Zuzanna ist Mitte 60, seit über zehn Jahren arbeitet sie in Deutschland als sogenannte 24-Stunden-Betreuerin für alte und kranke Menschen. Das bedeutet: Arbeit rund um die Uhr. Für zwei bis vier Monate zieht sie bei pflegebedürftigen Menschen zu Hause ein und ist ihre helfende Hand bei allem, was anfällt.
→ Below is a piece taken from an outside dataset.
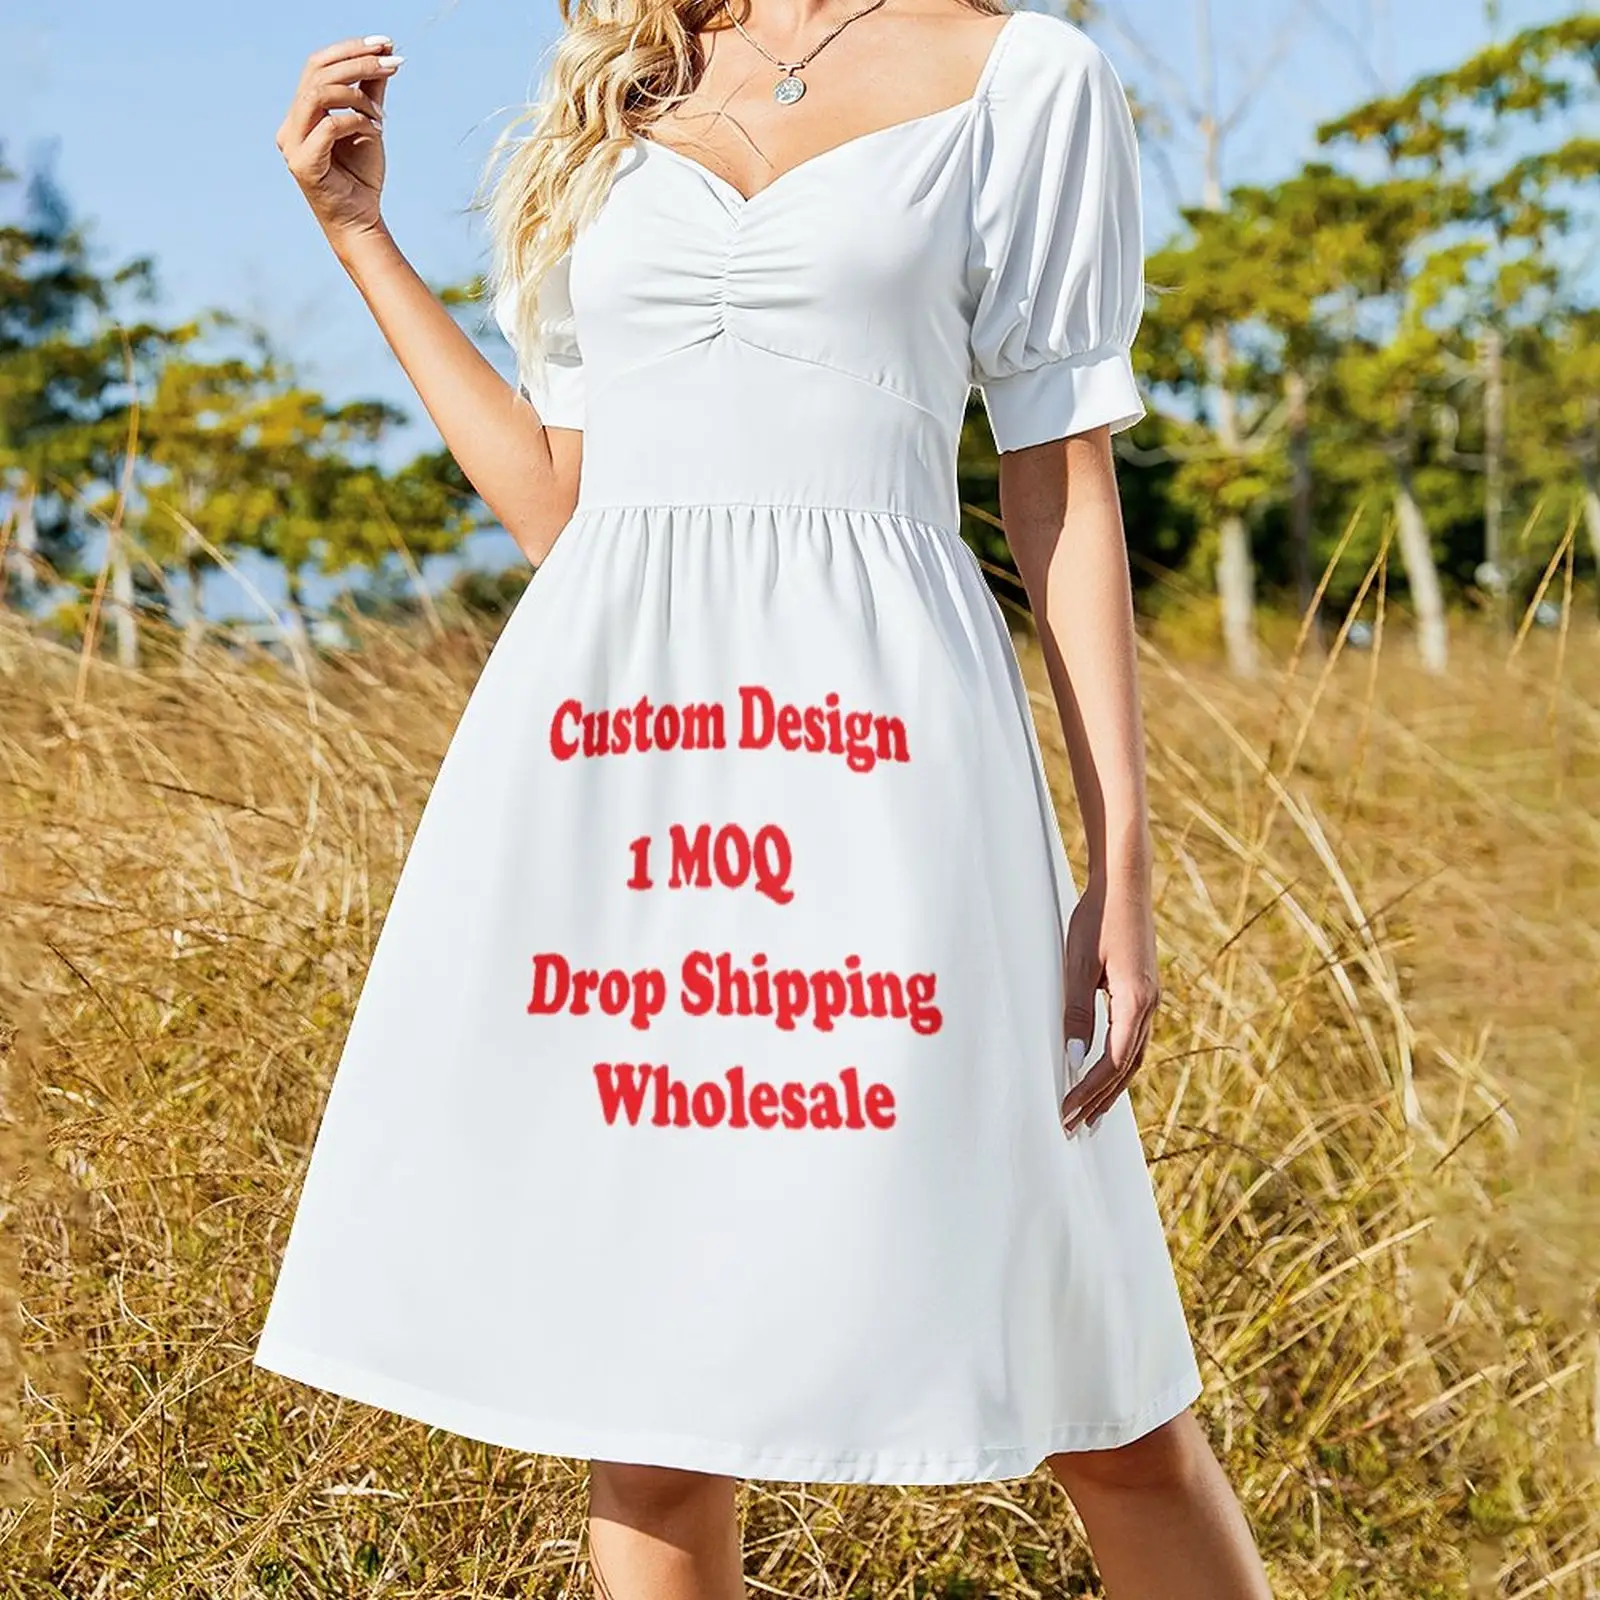 Gaun wanita ukuran Plus bercetak sesuai permintaan kustom desain manis musim panas anak perempuan lengan pendek empuk gaun kasual untuk piknik

Wo Pflegerin und zu Pflegender zusammenleben

So auch bei Walther. Sie hat den Plan, wenn der 92-jährige Demenz-Patient vergisst, was gerade ansteht. Sie muss ihn morgens wecken, duschen und anziehen. Mit Walther frühstücken, spazieren gehen und für ihn Essen kochen. „Ich schwitze“, sagt Zuzanna, während sie den Müll leert. Immer wieder schaut sie auf die Uhr und hakt die Programmpunkte des Tages im Kopf ab. Essenszeiten und Arzttermine geben die grobe Struktur vor. Zwischendurch erledigt Zuzanna Aufgaben im Haushalt und bereitet die Mahlzeiten vor. Wenn es nicht Pudding oder Pommes gibt, stochert Walther mit der Gabel in seinem Essen he­rum. Im Alter ist er mäkelig geworden, Bissen für Bissen muss Zuzanna ihn zum Essen ermuntern. Die meiste Zeit sitzen sie sich am Tisch gegenüber und schweigen.

500.000

Geschätzt rund eine halbe Million ausländische Betreuungskräfte arbeiten in deutschen Haushalten (Studie von 2019). 2009 beliefen sich die Schätzungen noch auf rund 200 000

Das Haus von Walther steht in einer kleinen Gemeinde im Kreis Nordfriesland in Schleswig-Holstein. Bis vor Kurzem hat er hier noch gemeinsam mit seiner Frau Marita* gelebt. Auch sie wurde von Zuzanna gepflegt. Im Erdgeschoss wohnt und schläft Walther, im ersten Stock hat Zuzanna ihr Zimmer. Bad und Toilette teilen sie sich. Auf die Frage, ob ihr das unangenehm ist, verzieht Zuzanna das Gesicht. Ein eigenes Bad wäre ihr schon lieber. Die Einrichtung in ihrem Zimmer hat sie nicht verändert. Persönliches von ihr gibt es wenig. Fotos von ihrer Familie hat sie nur auf dem Handy. Eine Schale Quitten steht auf dem Schrank. Die riechen so gut, sagt Zuzanna.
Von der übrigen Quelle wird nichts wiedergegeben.